[What needs to be done] Pictures in the data below are not part of the copy; transcribe everything else exactly.

[Information shown]
- - -

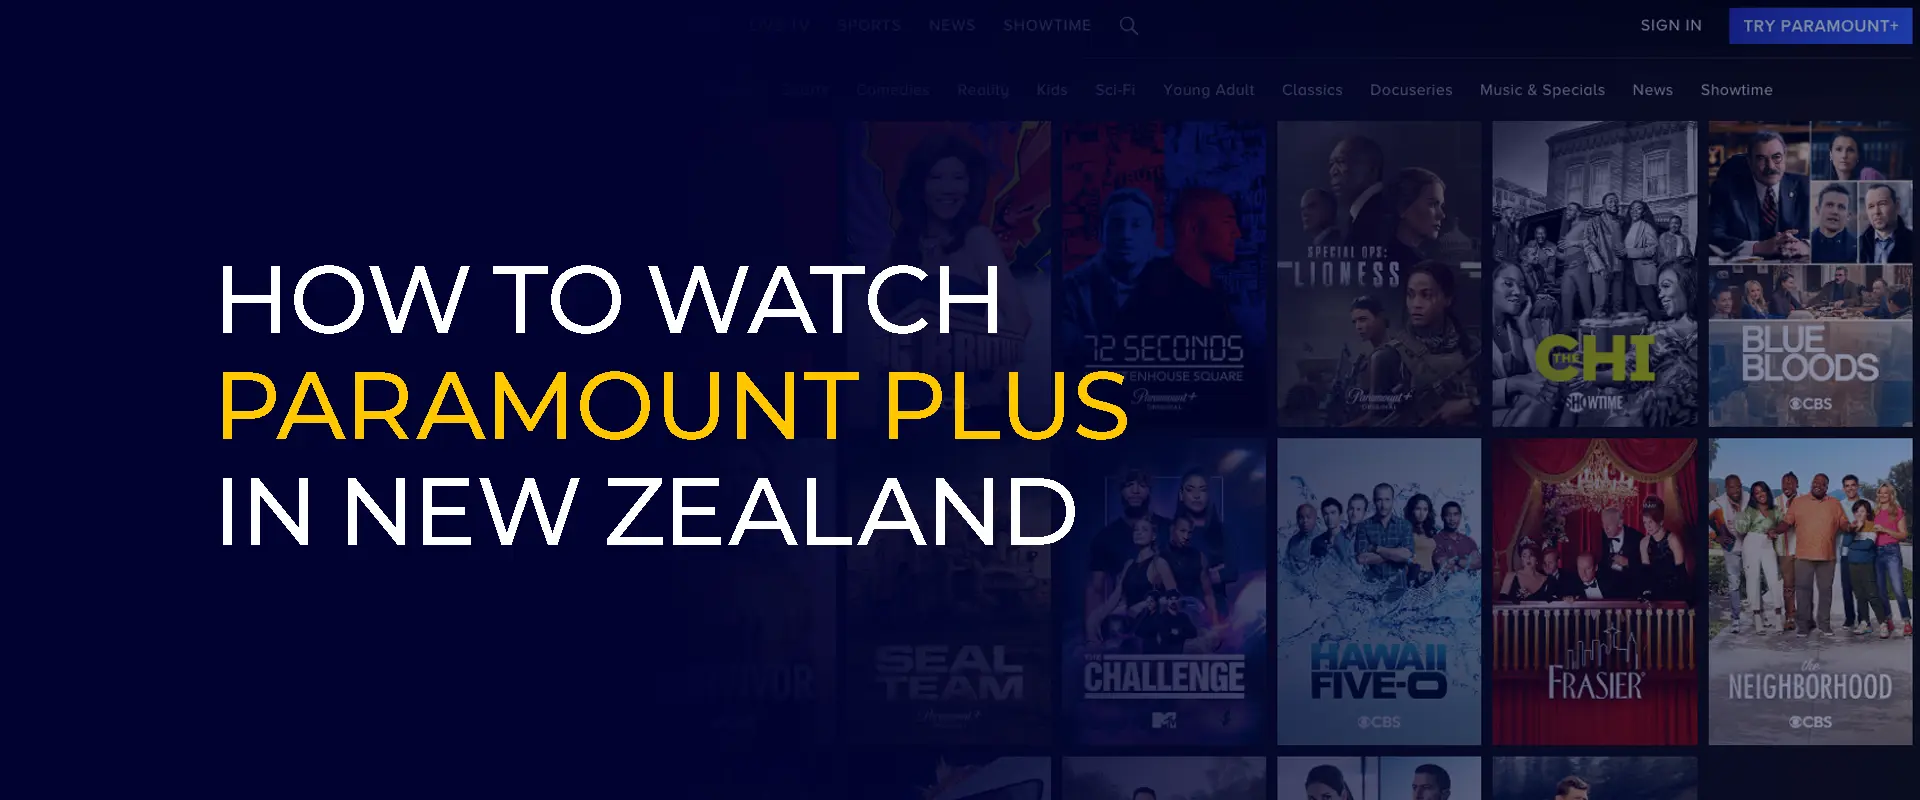 Hur man tittar på Paramount Plus i Nya Zeeland
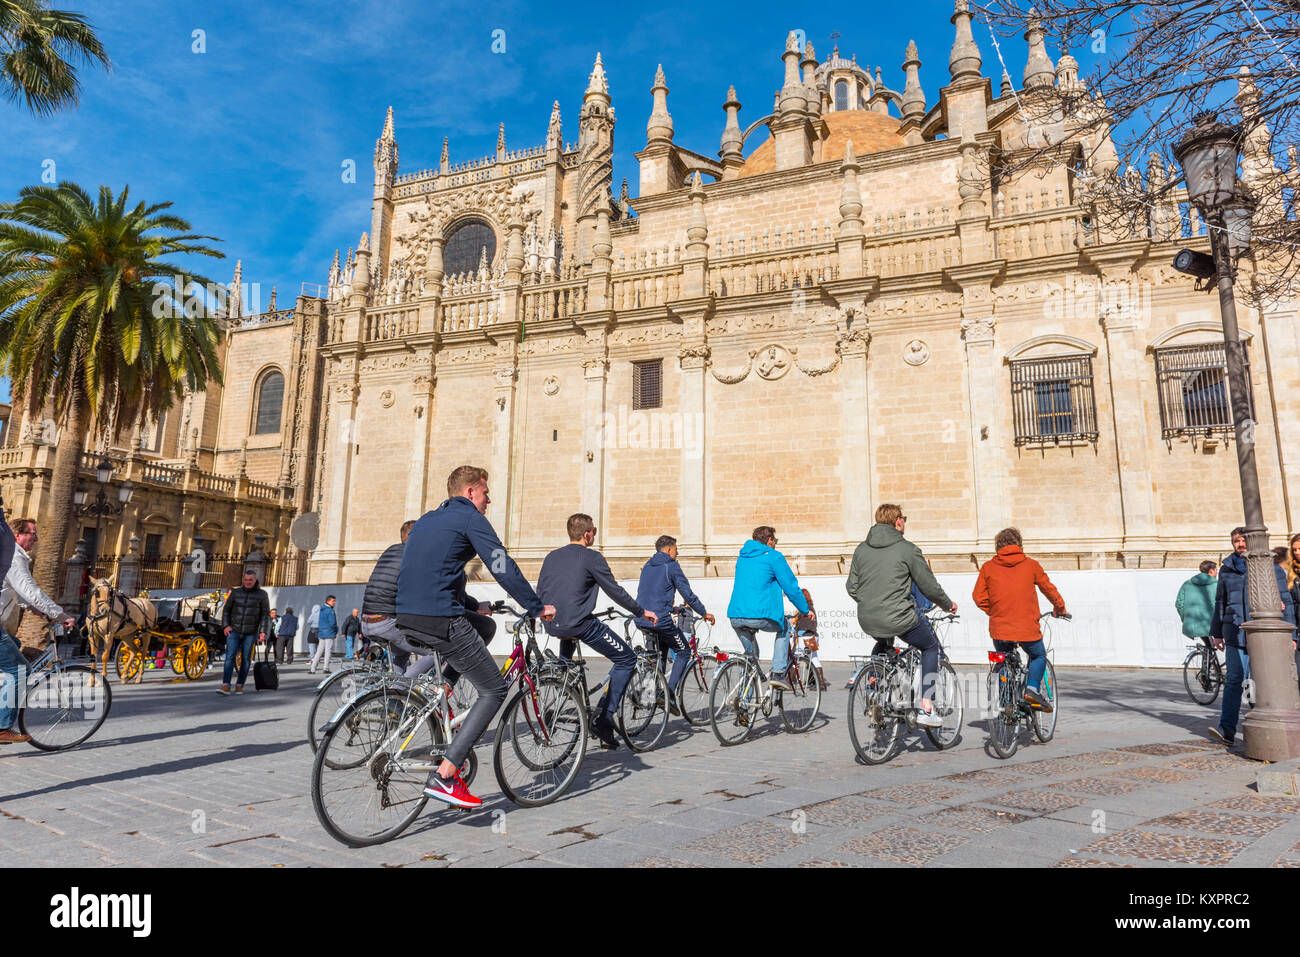 Los turistas en bicicleta alrededor de la Catedral de Sevilla, Sevilla, España. Foto de stock
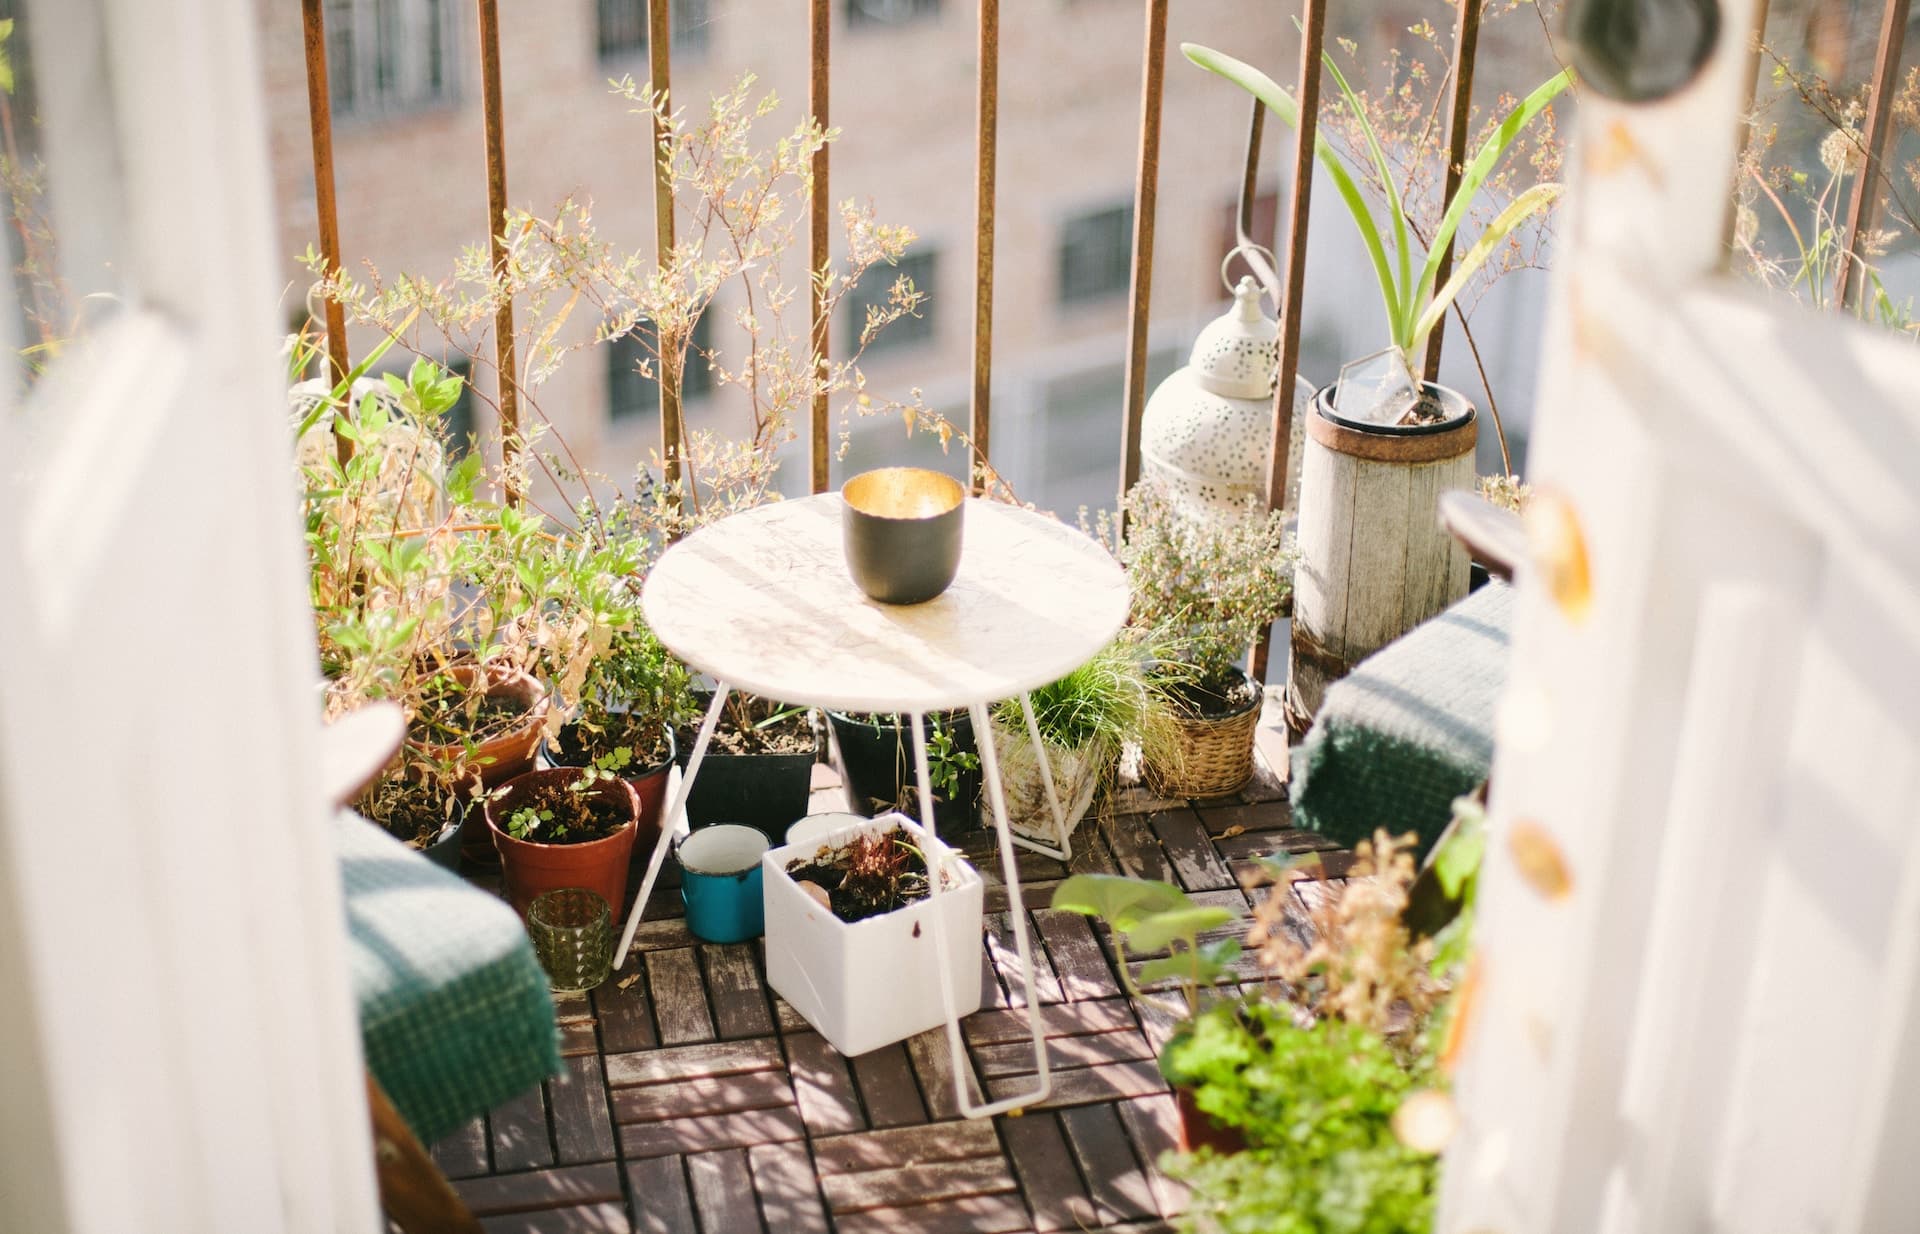 Créez votre propre havre de paix en aménageant votre balcon cosy

- - -

[Response to this exercise]
 Hur man tittar på Paramount Plus i Nya Zeeland
 Los turistas en bicicleta alrededor de la Catedral de Sevilla, Sevilla, España. Foto de stock
 Créez votre propre havre de paix en aménageant votre balcon cosy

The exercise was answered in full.